Figure 6 – Personality Alignment feeds A-User Rendering
A-User Rendering uses Final Response, A-User Entity Status and A-User Control Command from A-User Control to synthesise and shape a speaking Avatar contained in the A-User Control. This is depicted in Figure 7.

Figure 7 – The result of the Autonomous User processing is fed to A-User Control
Extended Call for Technologies
The complexity of the MMM-TEC model has prompted MPAI to extend its usual practice for Calls for Technologies. In addition to the usual Call for Technologies, Use Cases and Functional Requirements, Framework Licence, and Template for Responses, the Call also refers to a Tentative Technical Specification, a document drafted as if it were an actual Technical Specification. Respondents to the Call are free to comment on, change, or extend the Tentative Technical Specification or to make any other proposals judged relevant to the Call.
Anyone, irrespective of MPAI membership status, may respond to the Call. Responses shall reach the MPAI Secretariat by 2026/01/21T23:59.
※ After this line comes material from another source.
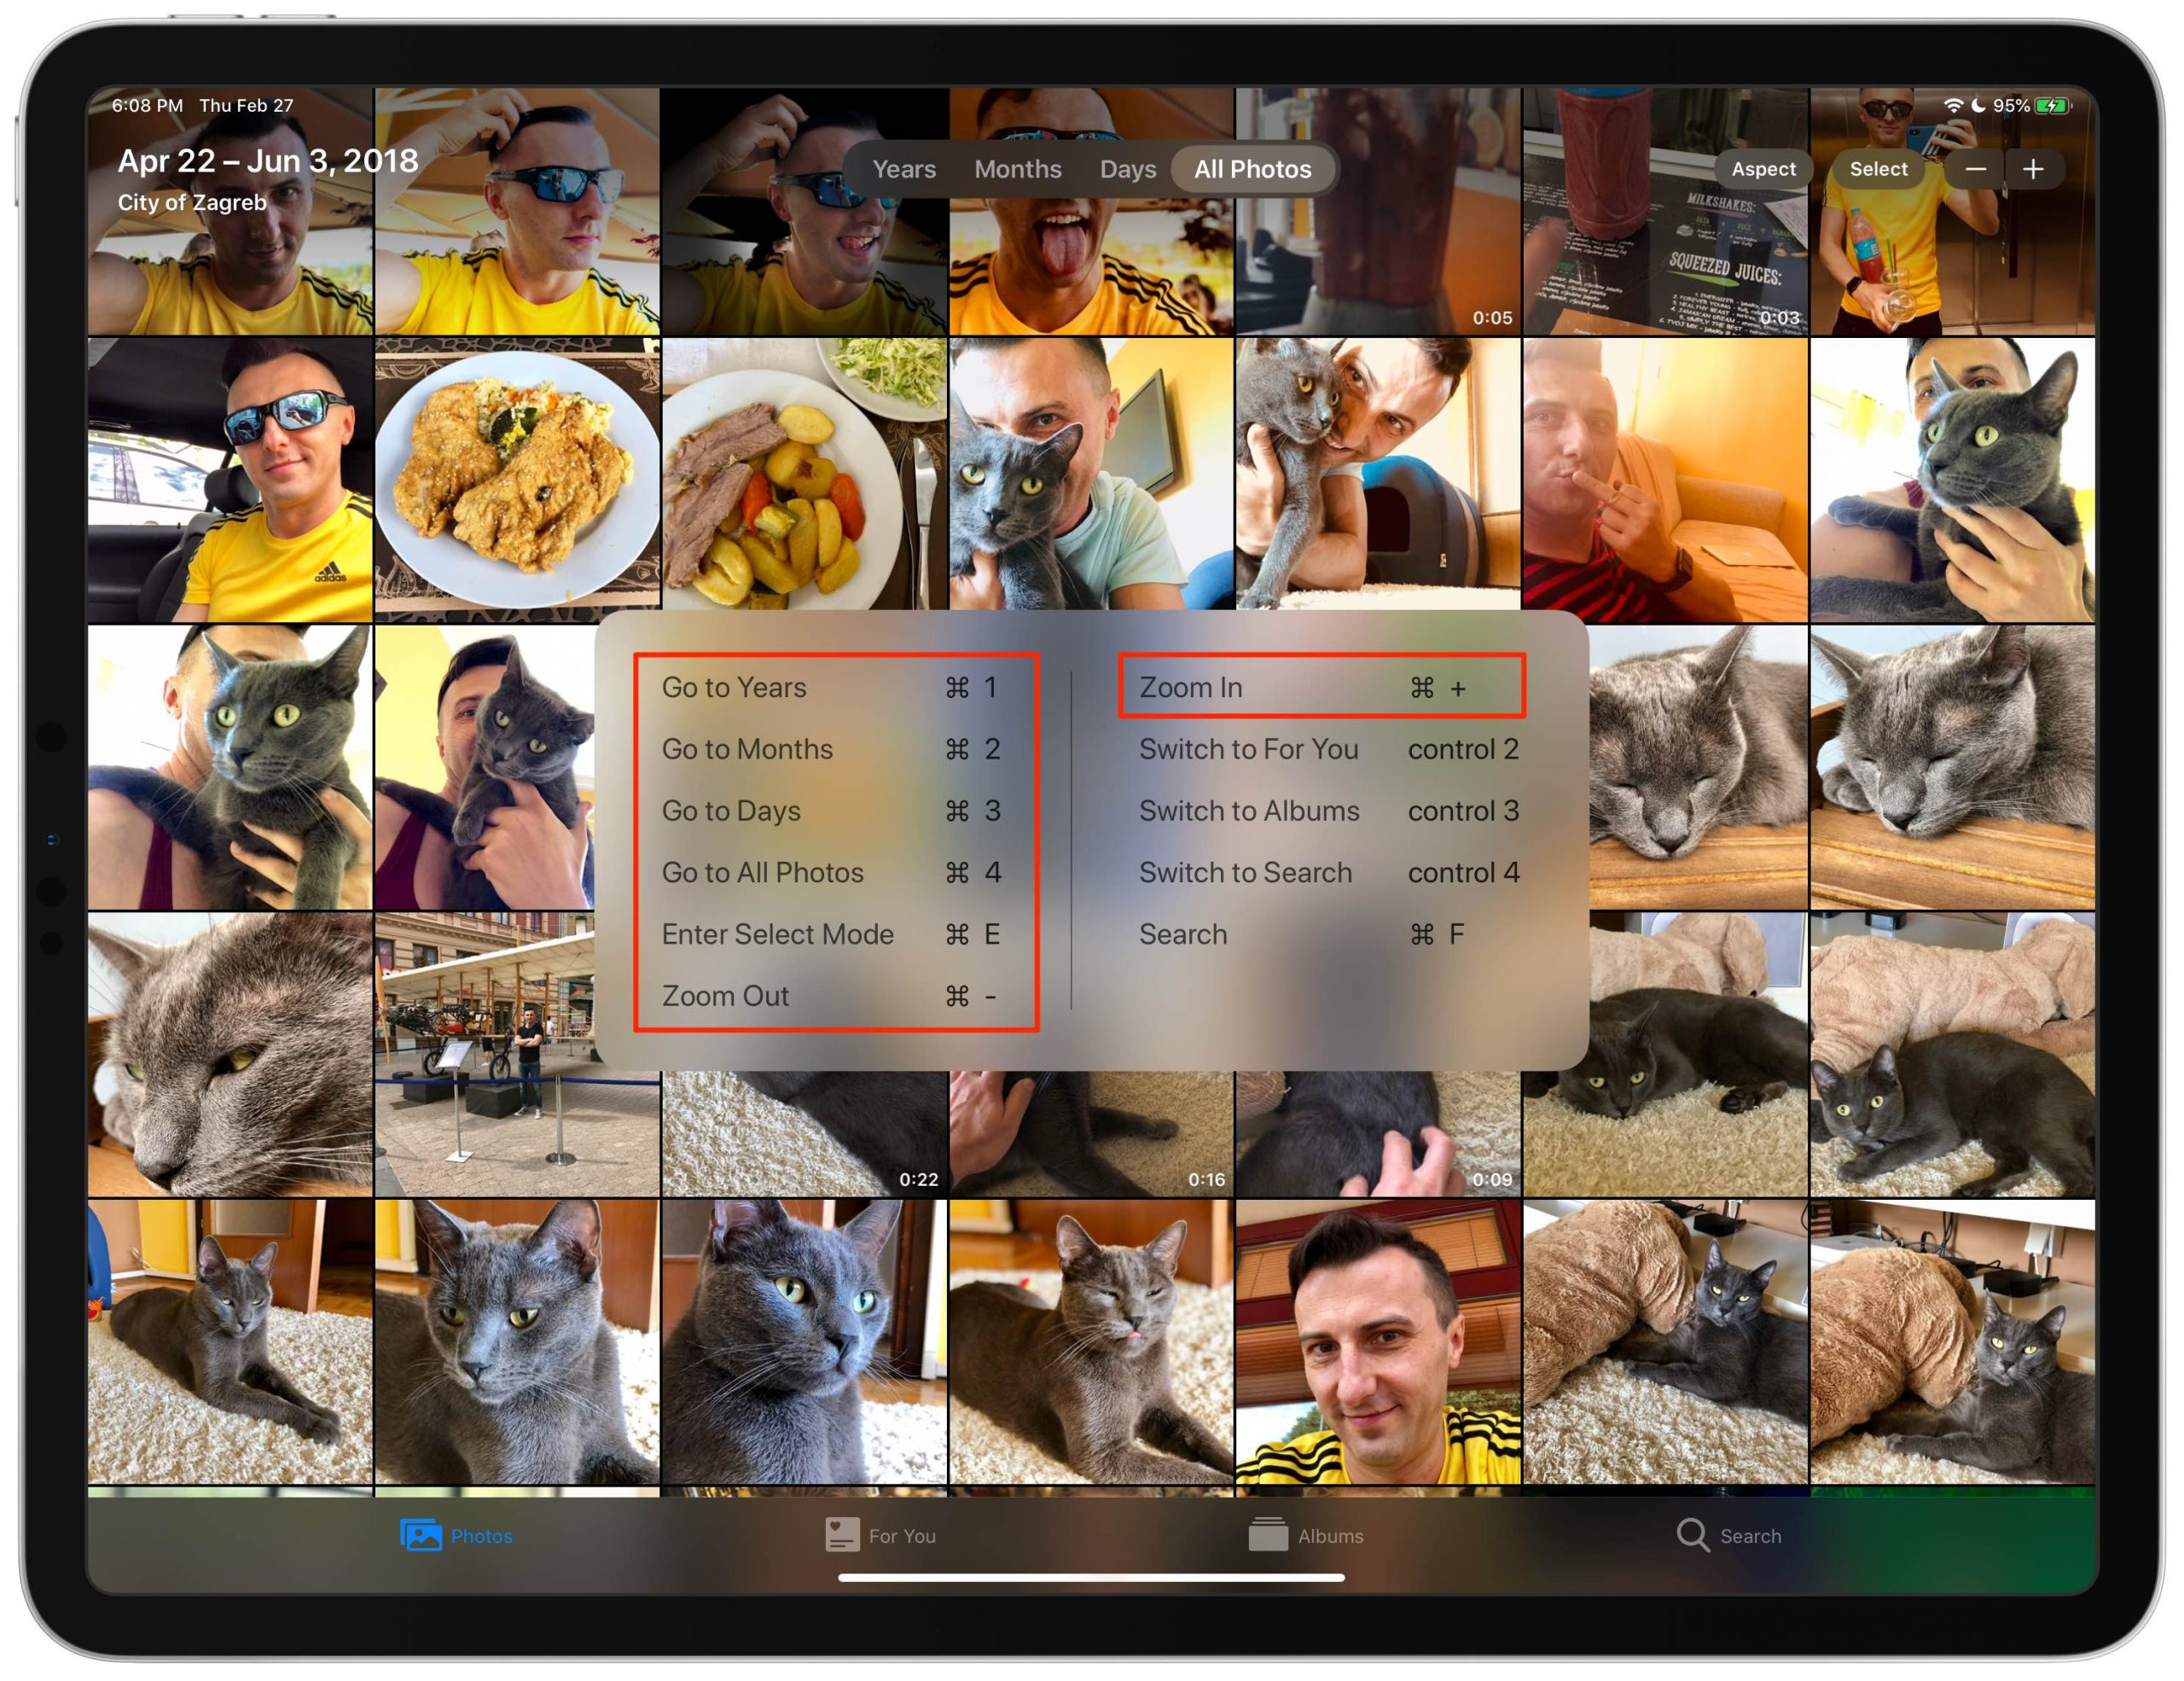 Accesos directos Fotos iOS iPhone iPad

Appropriate MPAI working groups will thoroughly review the Responses and retain those deemed appropriate for the future PGM-AUA standard. MPAI may select suitable technologies from those submitted in Responses, but is not obligated to select any proposal. Respondents will be encouraged to join MPAI. If Respondents whose Responses are accepted in full or in part do not join MPAI, MPAI will discontinue consideration of their proposed technologies.